Das prophetisch-melancholische „Hallelujah Money“ als Anklage korrupter Politiker ist ein deutlicher Rant gegen Trump, erschien der Song doch am Tag seiner Amtseinführung.

„Humanz“ ist zweifellos ein interessantes und ambitioniertes Mammutwerk mit 20 Songs, auf der Deluxe-Version sogar 25. Das musikalische Spektrum sprengt Genregrenzen und vereint Einflüsse aus HipHop, Rap, R’n’B, Reggae und Pop. Gleichzeitig krankt die Platte an einer zerfaserten Unentschlossenheit: Ein Großteil der Lieder besitzt auch nach mehrmaligem Hören nur diffusen Wiedererkennungswert. Dennoch gibt es einige löbliche Höhepunkte wie das schwermütige „Busted and blue“, die Weltumarmungsgospelhymne „We Got the Power“ – zu der Albarns Ex-Intimfeind Noel Gallagher die Backing Vocals beisteuert – und die großartige Single „Hallelujah Money“. Einen Instant-Hit wie seinerzeit „Clint Eastwood“ vermisst man allerdings.

Politische Botschaft subtil verpackt

Von der ursprünglichen Intention des Albums, einen Soundtrack zur Wahl des amtierenden US-Präsidenten Trump als Beginn eines apokalyptischen Zeitalters zu komponieren, hat sich Albarn in Interviews mittlerweile wieder distanziert. Das prophetisch-melancholische „Hallelujah Money“ als Anklage korrupter Politiker ist zwar ein deutlicher Rant gegen Trump, erschien der Song doch am Tag seiner Amtseinführung.

Doch die politische Botschaft ist sehr subtil verpackt, ebenso in „Ascension“, in dem der Kalifornier Vince Staples von Rassismus und Ungleichheit rappt: „Police everywhere. It’s like a nigga killed a white man“. Beeindruckend ist in jedem Fall, wie dieses Album Rap, HipHop und Pop vereint. Albarn kokettierte übrigens selbst damit, er habe eine Partyplatte machen wollen – britisches Understatement?

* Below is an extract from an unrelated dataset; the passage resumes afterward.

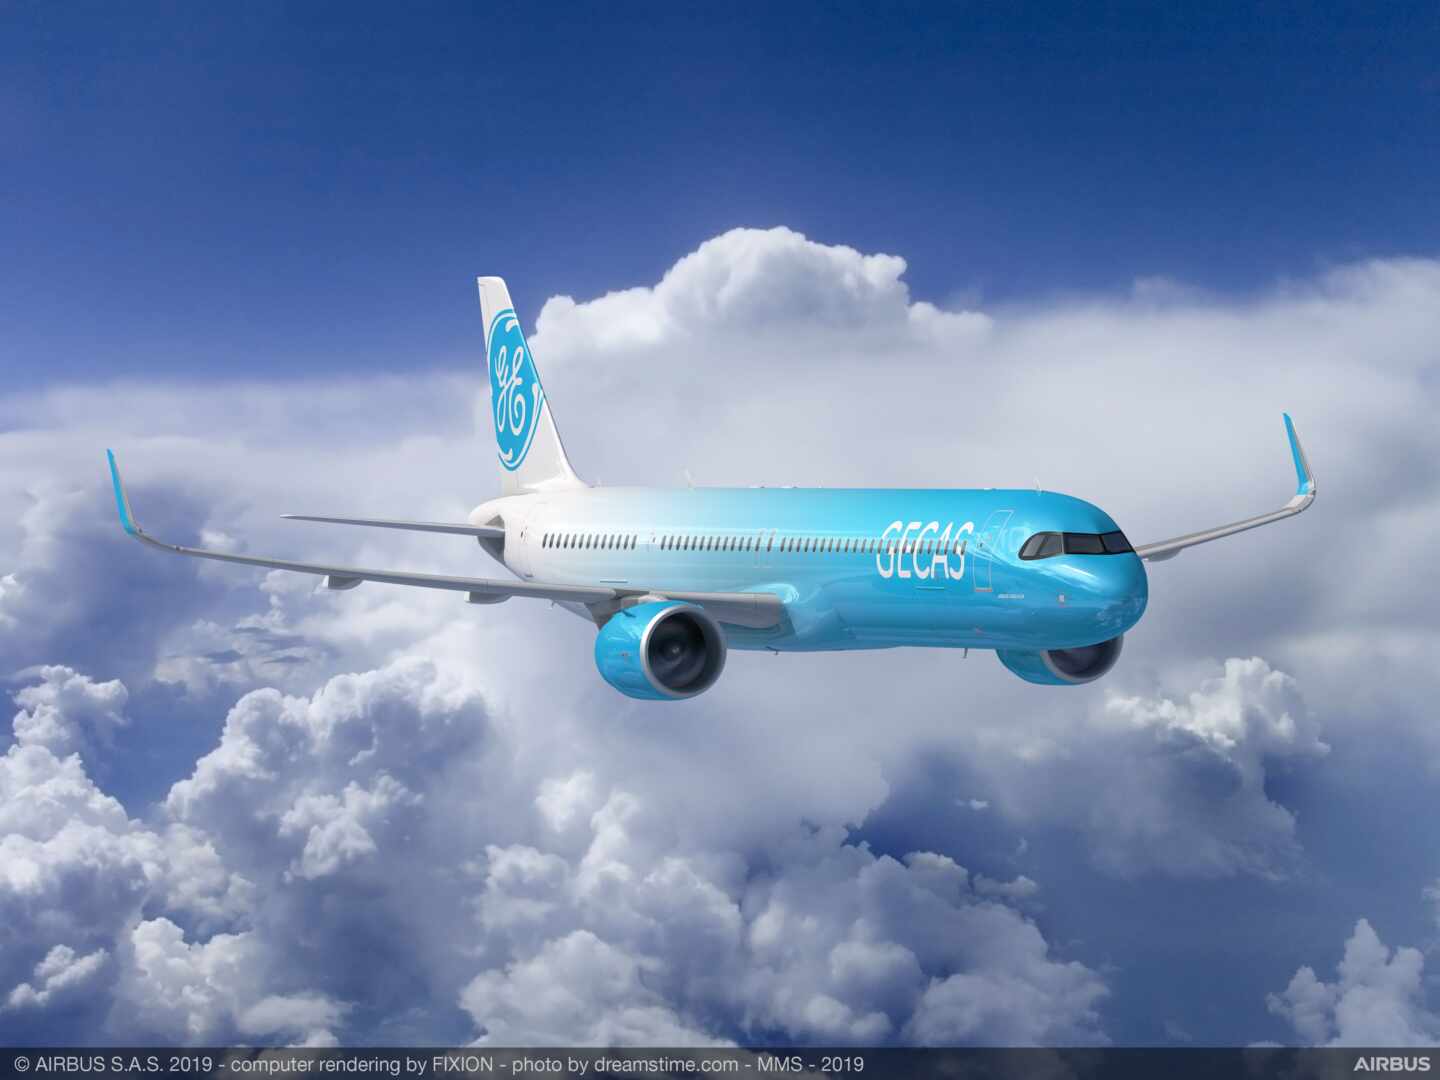 Airbus le gana a Boeing el pulso decisivo

Gorillaz: „Humanz“ (Warner). Präsentation in Berlin: Gorillaz Spirit House, 28.–30. April, Brunnenstraße 19–20, Berlin-Mitte

Dass Gorillaz auch visuell auf den Putz hauen, ist nettes Beiwerk zum Album-Release: Mit einer Augmented Reality App kann man ein Studio erkunden, Soundinstallationen in Berlin, New York und Amsterdam visualisieren ein fiktives „Horrorhaus“ und erwecken die virtuellen Bandmitglieder zum Leben. Knallhart wird das Prinzip der abstrakten Comicband natürlich nicht durchgezogen: Beim Debütkonzert zum Album in London standen Albarn und Co. dann doch statt ihrer Cartoon-Alter-Egos auf der Bühne.